Start of Data segment
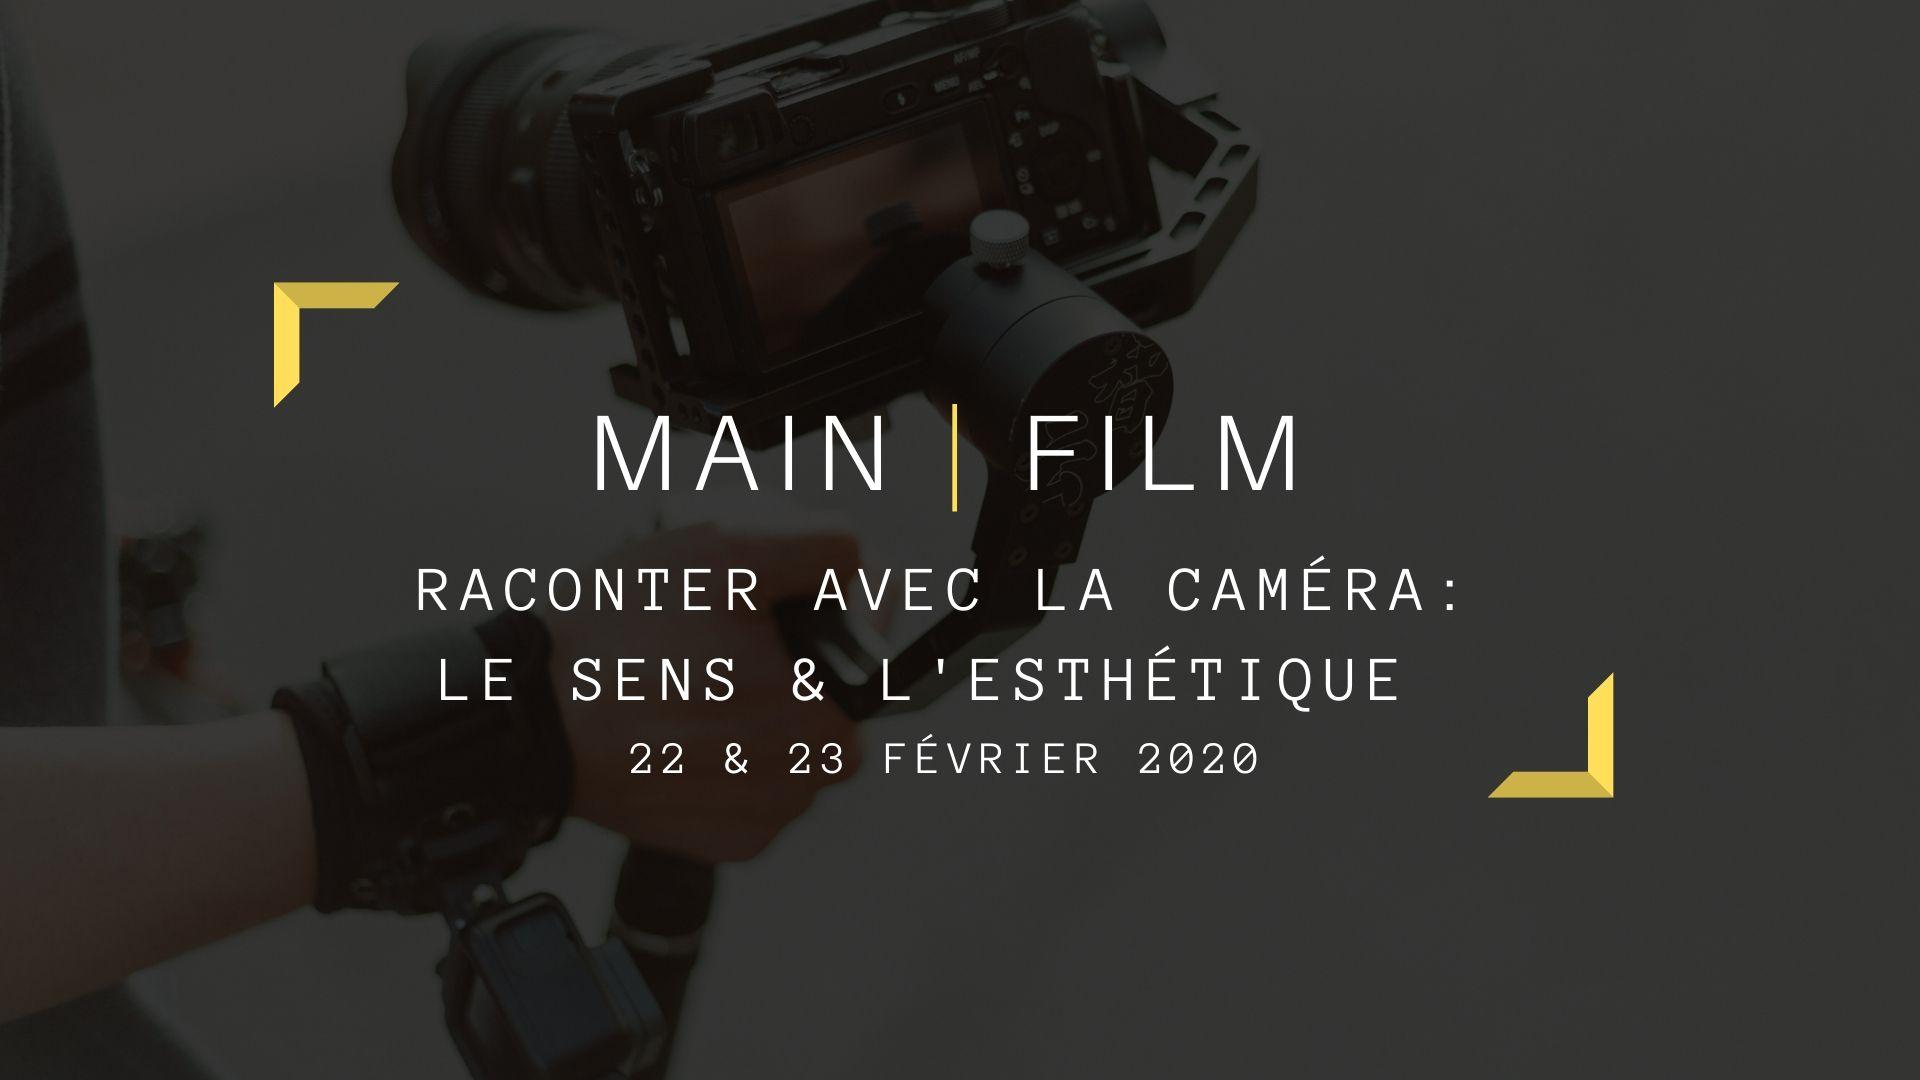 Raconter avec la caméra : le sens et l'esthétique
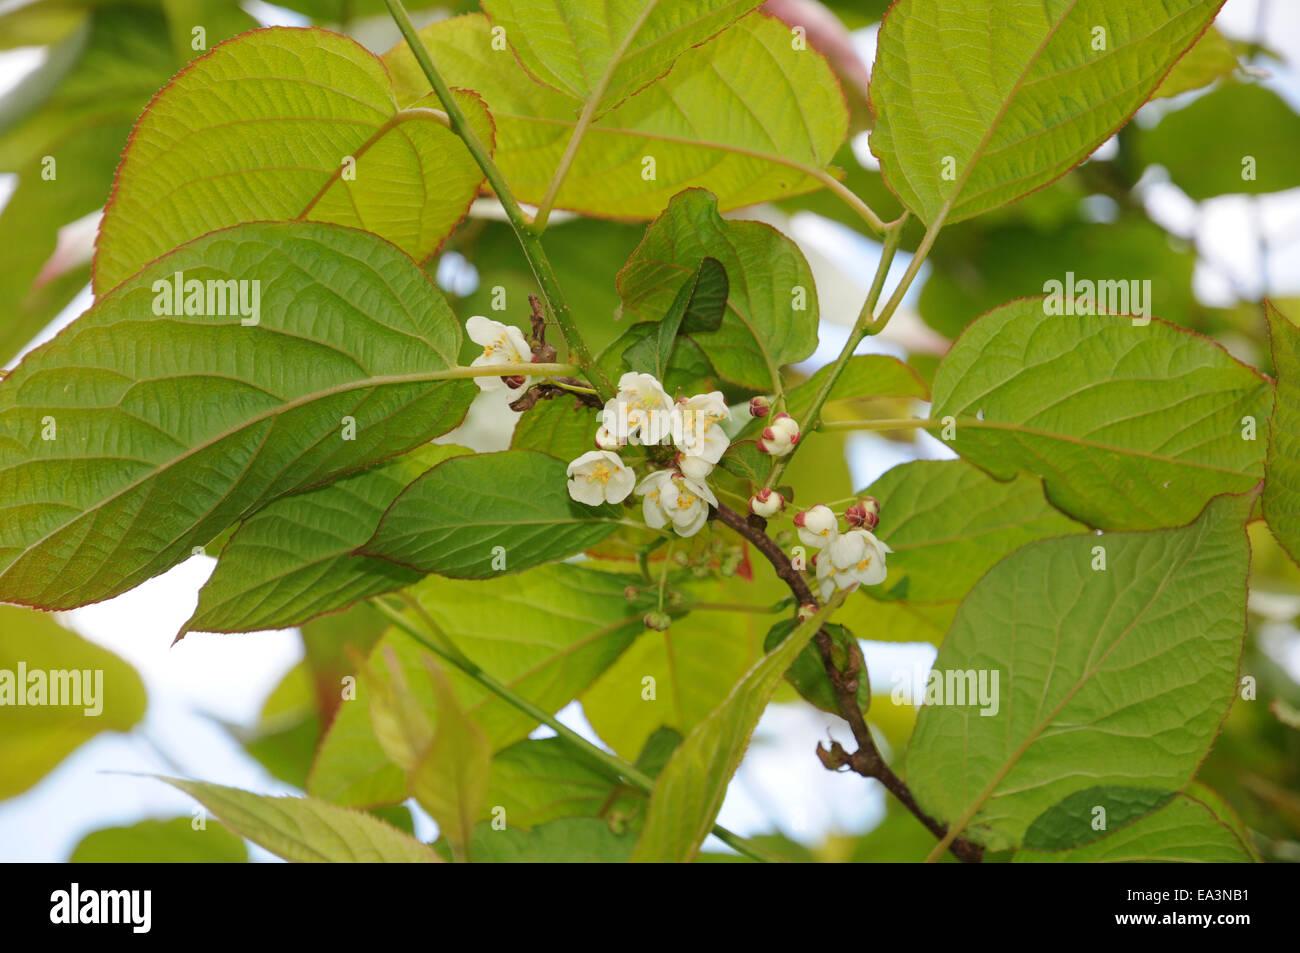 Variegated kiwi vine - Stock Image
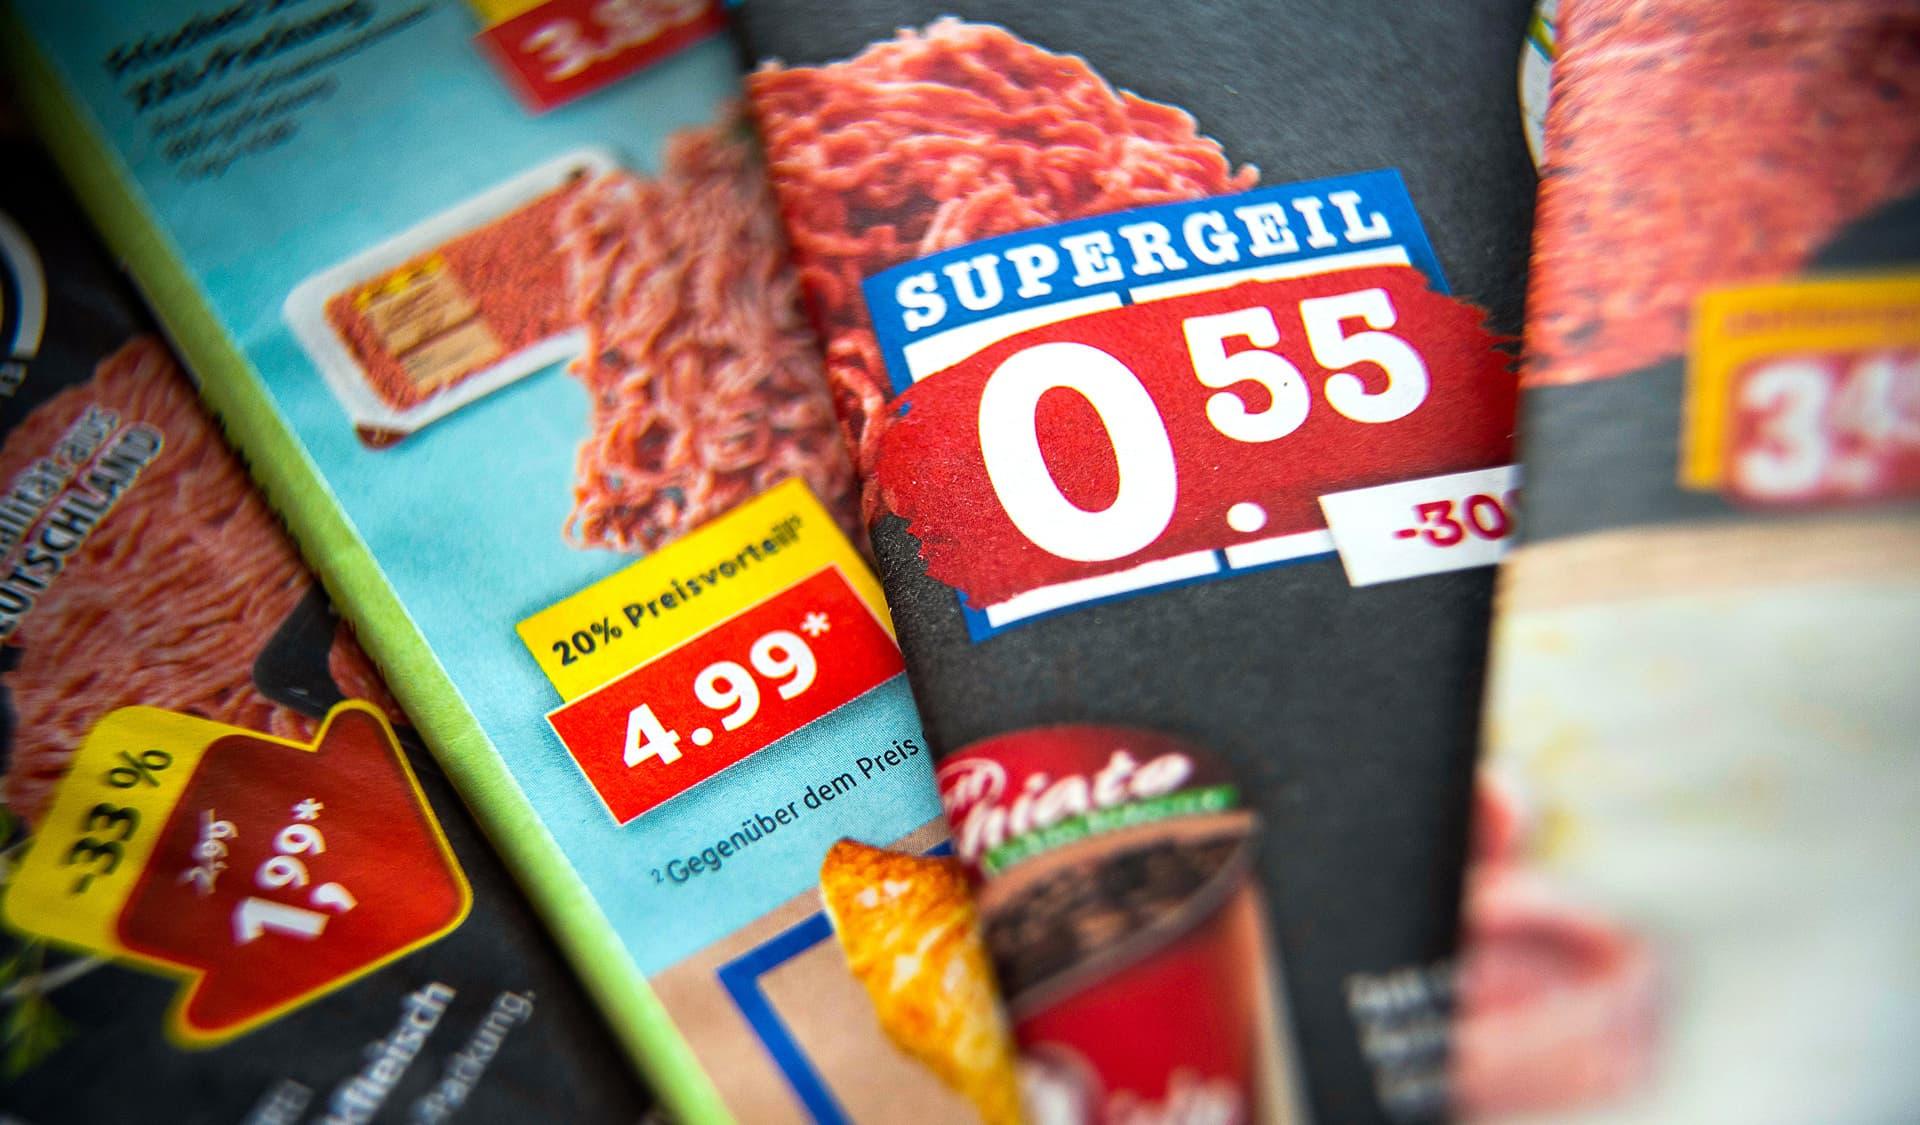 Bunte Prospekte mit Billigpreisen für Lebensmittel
End of Data segment
Output the complete listing exactly. Pictures stay out.

» Your response
 Raconter avec la caméra : le sens et l'esthétique
 Variegated kiwi vine - Stock Image
 Bunte Prospekte mit Billigpreisen für Lebensmittel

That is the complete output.